[PROMPT]: Set down each line of the material that follows, exactly, with no pictures.

[DATASET EXTRACT]:
^^^^^^^^

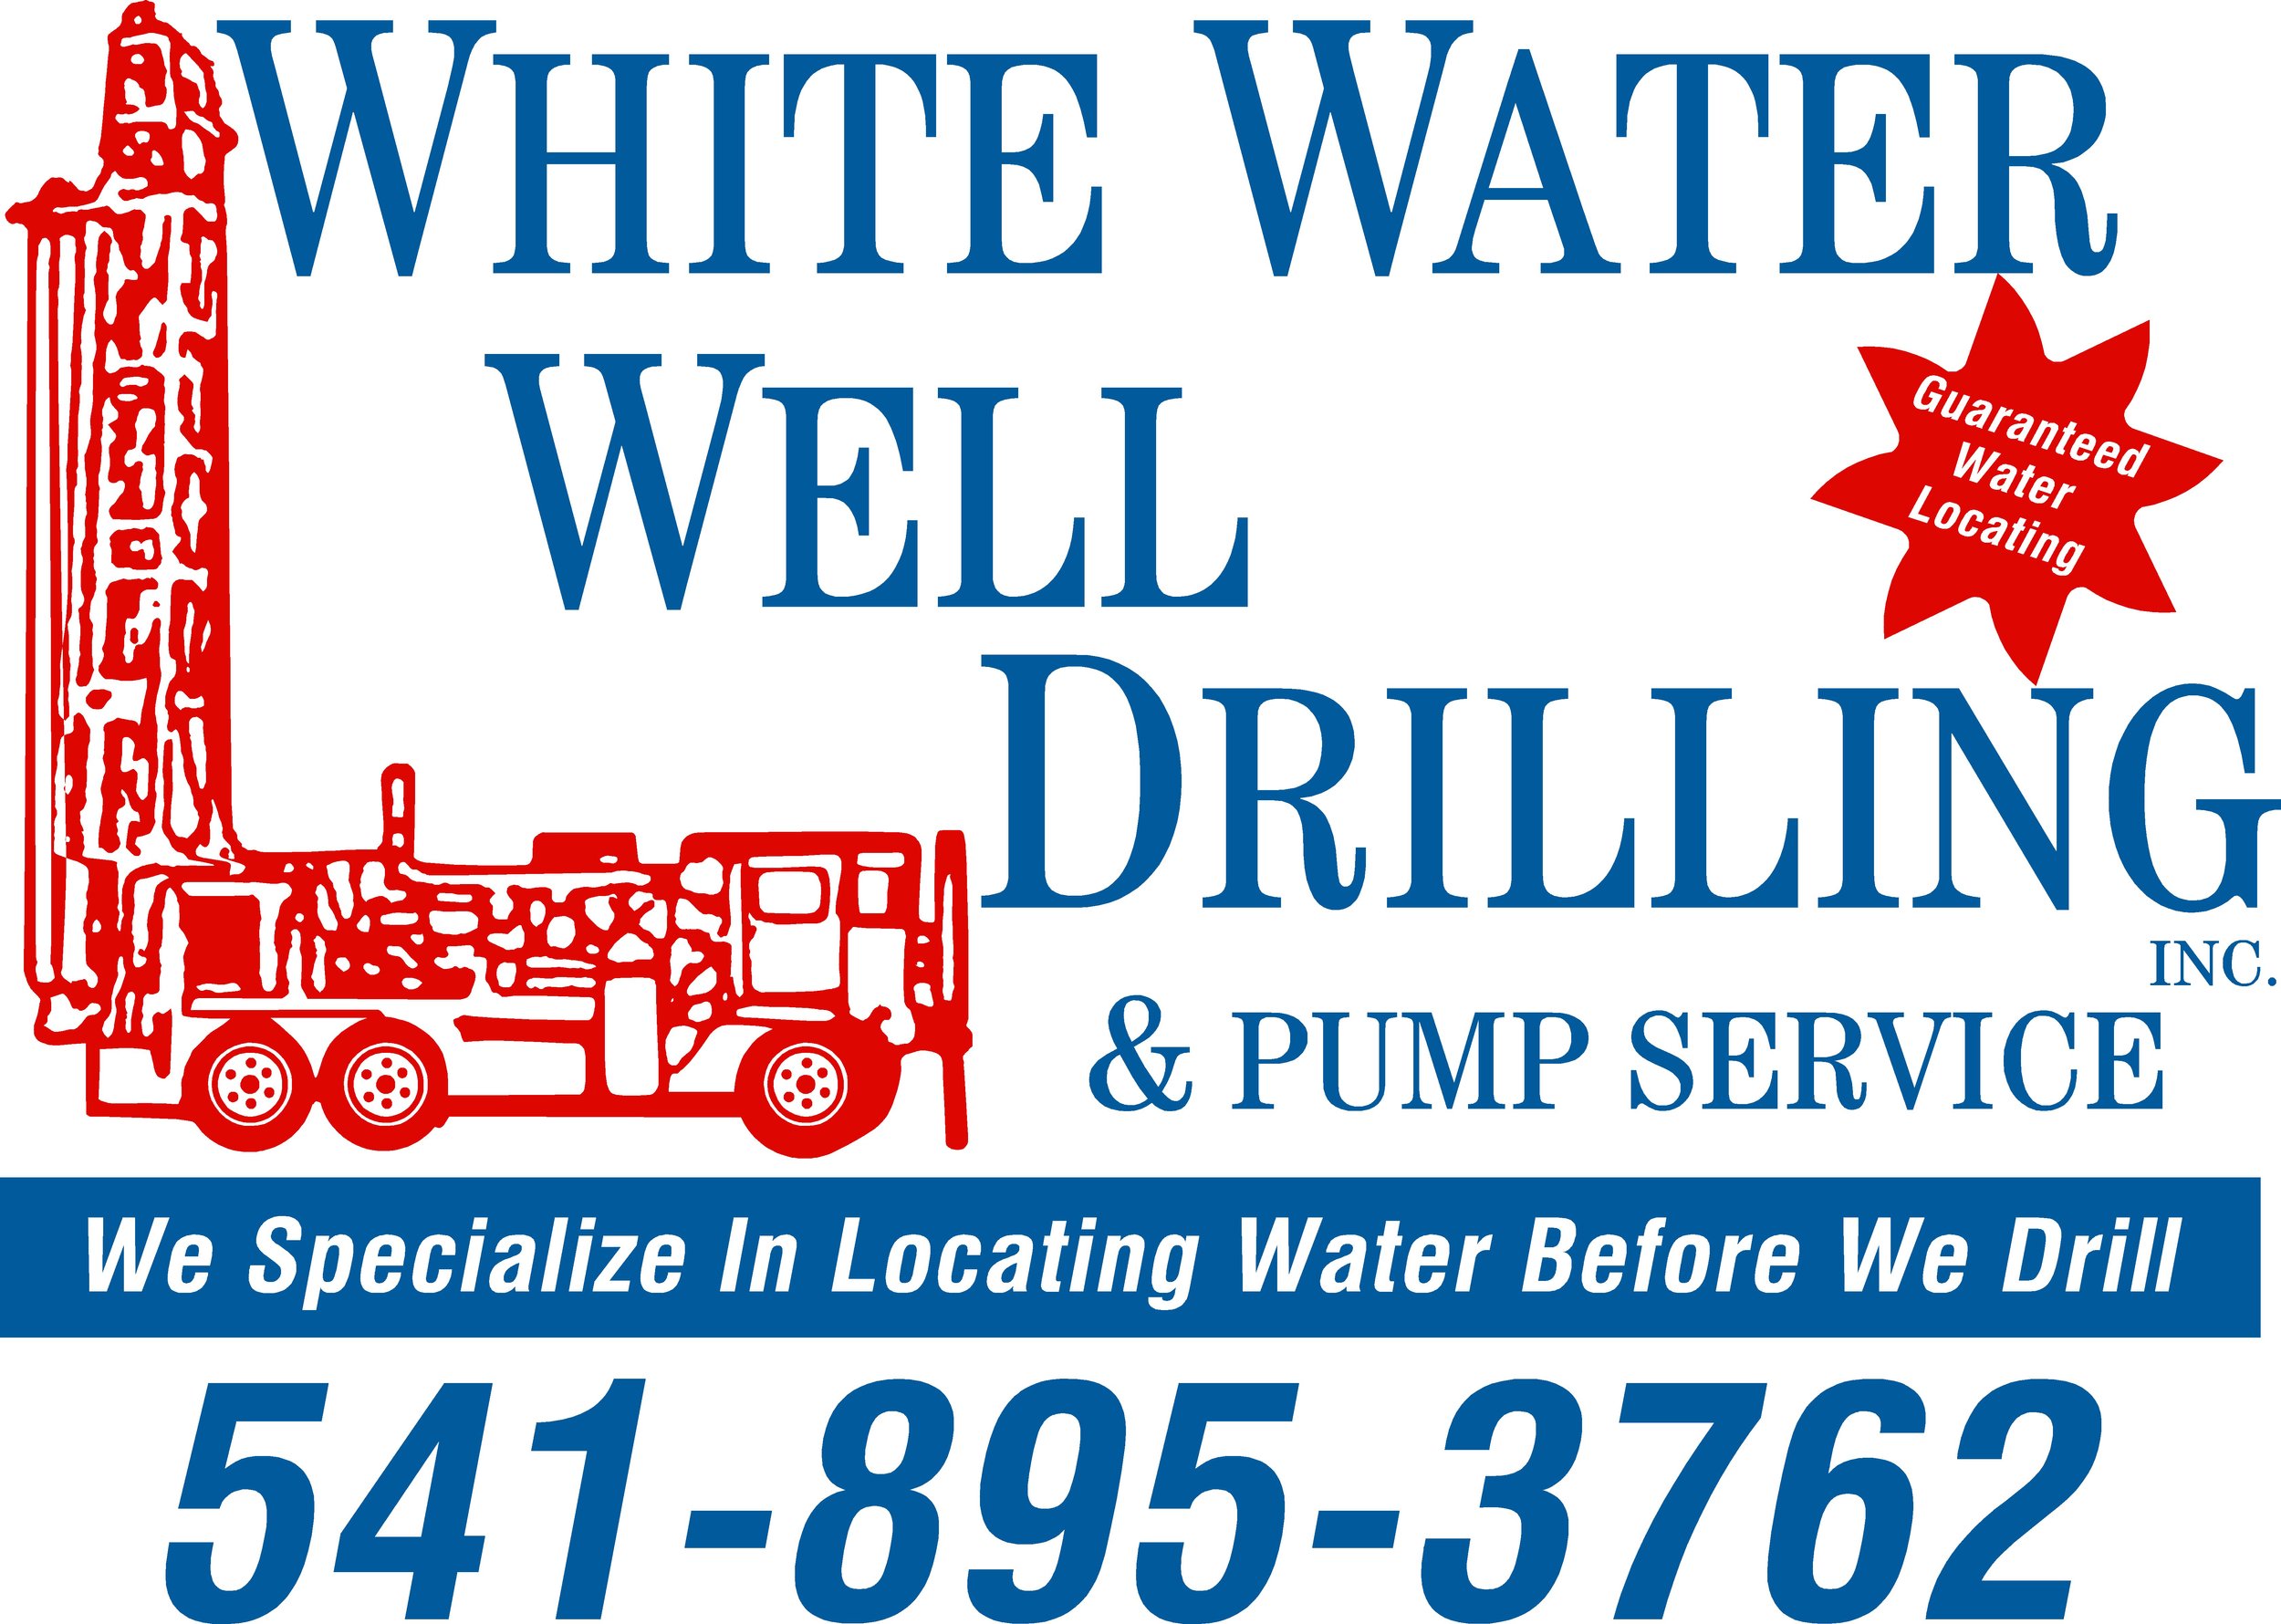 white water well drilling.jpg
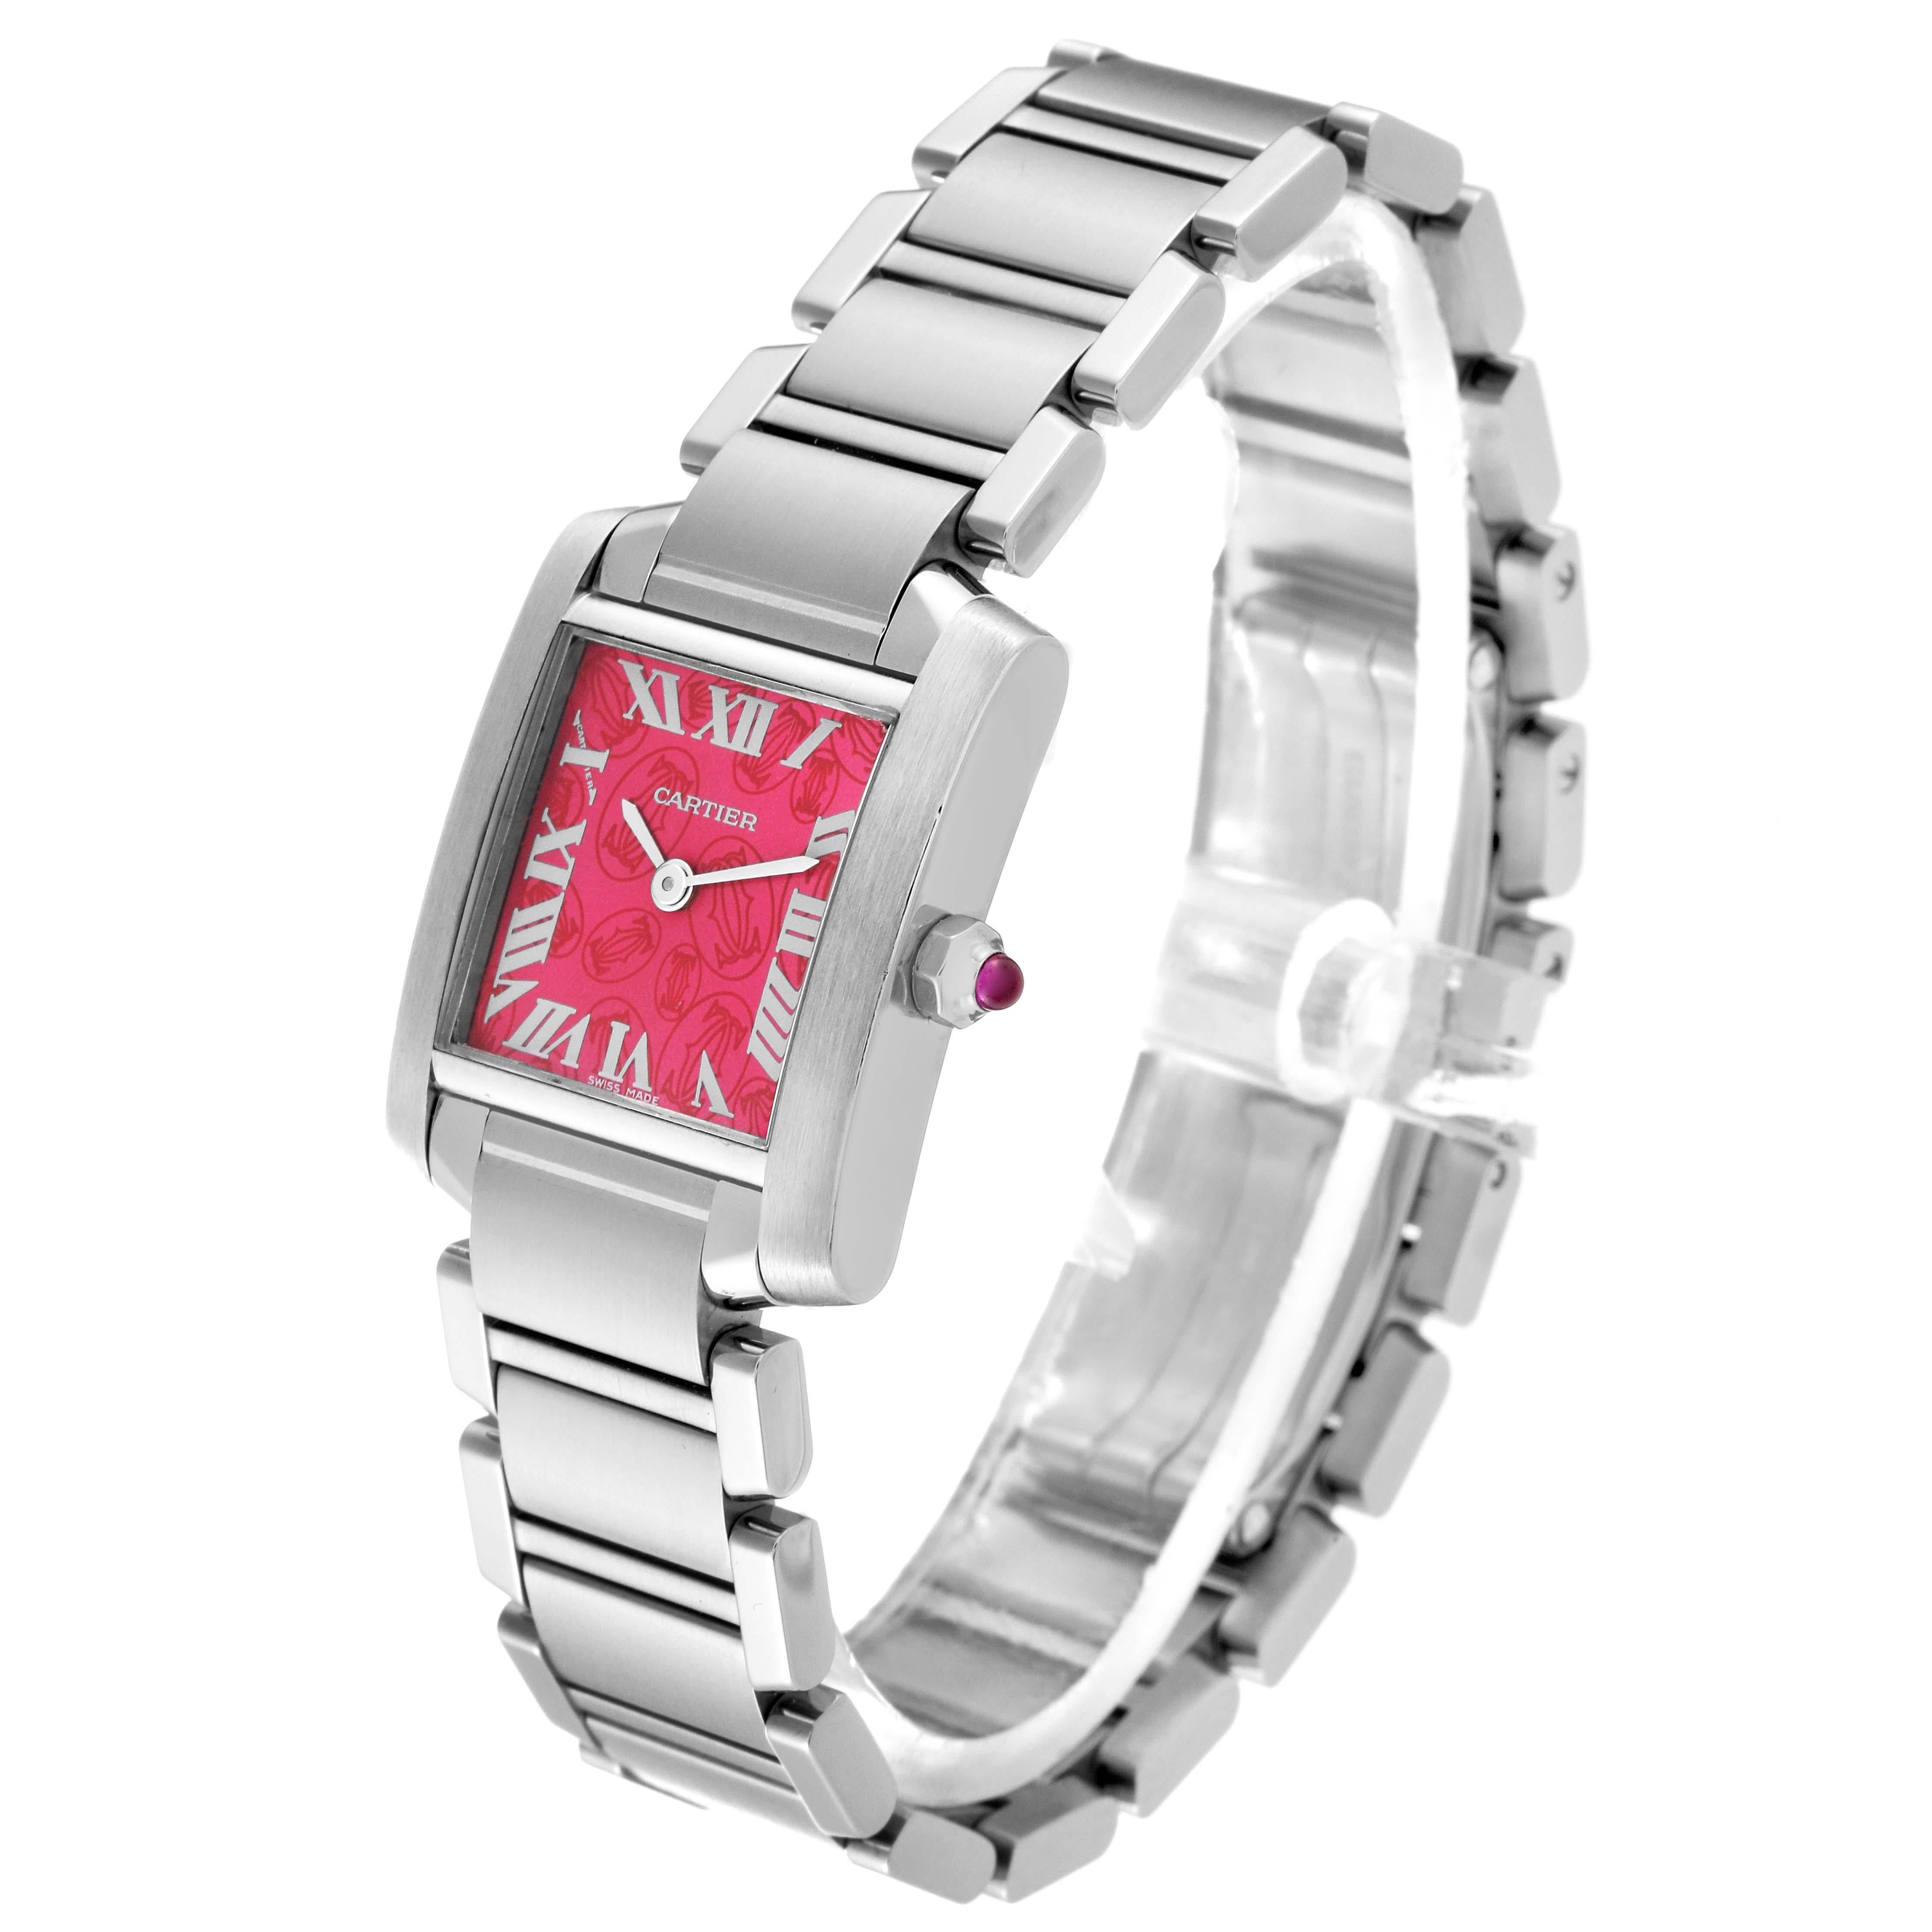 Cartier Tank Francaise Raspberry Dial LE Steel Ladies Watch W51030Q3 For Sale 2
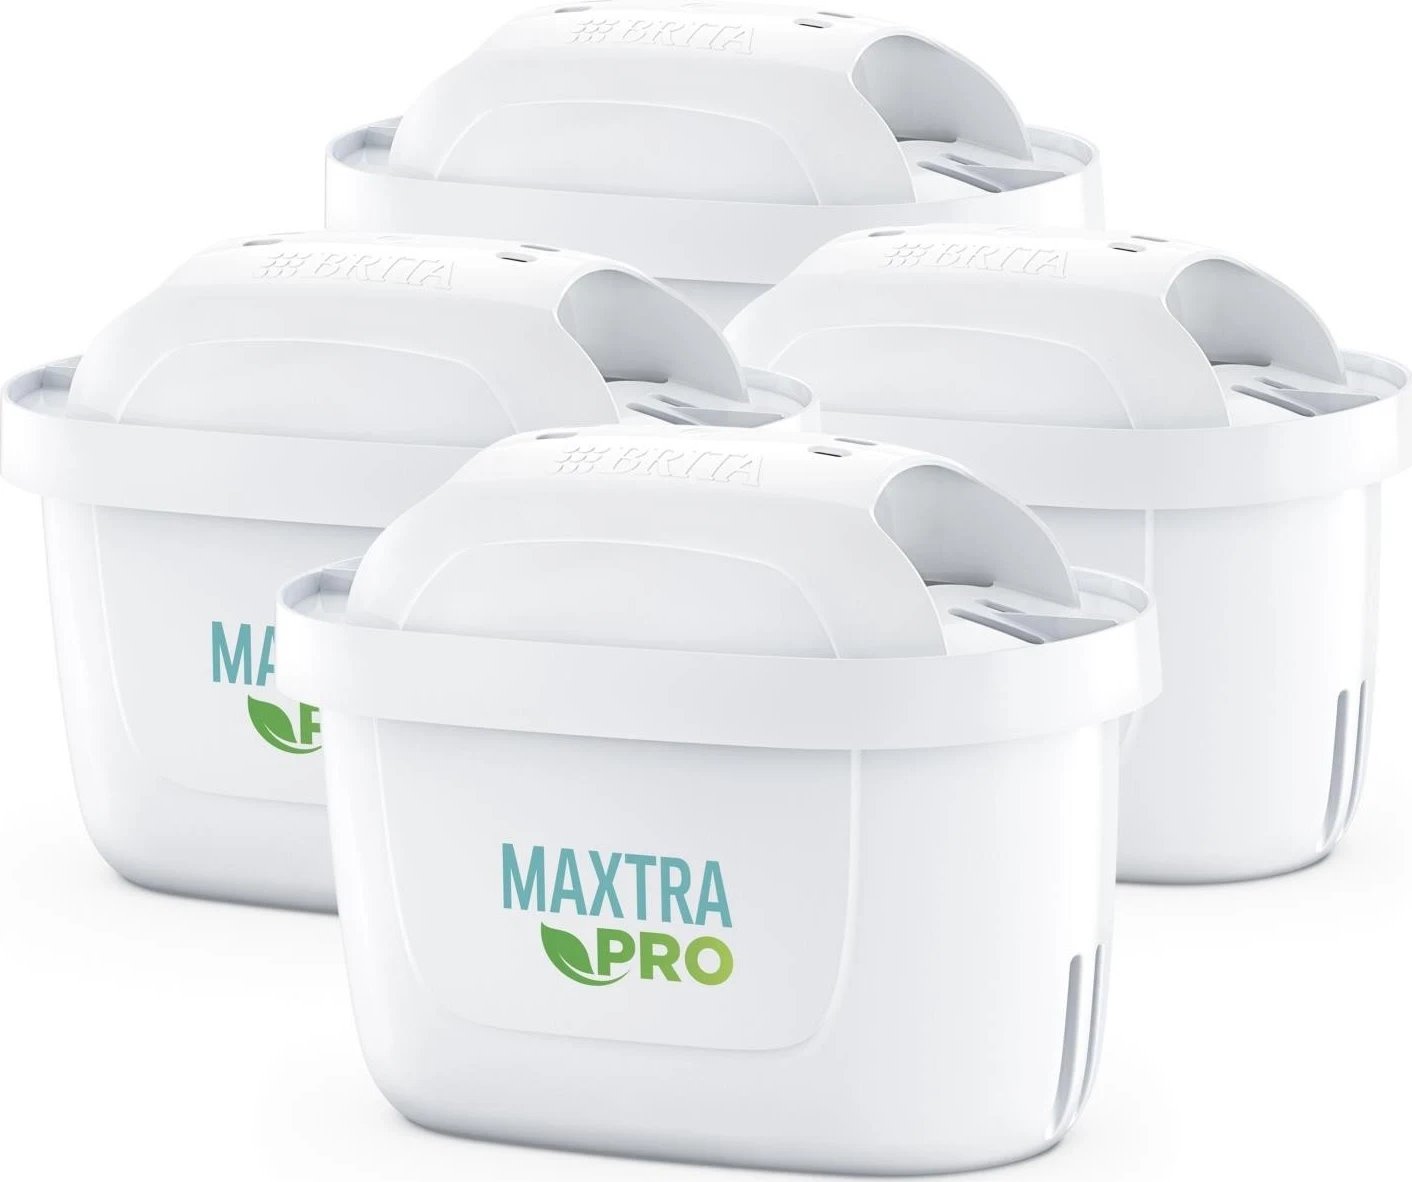 Filter Brita Maxtra Pro Pure Performance 3+1, e bardhë

^^^^^^^^

[EXERCISE ANSWER]:
 white water well drilling.jpg
 Cartier Tank Francaise Raspberry Dial LE Steel Ladies Watch W51030Q3 For Sale 2
 Filter Brita Maxtra Pro Pure Performance 3+1, e bardhë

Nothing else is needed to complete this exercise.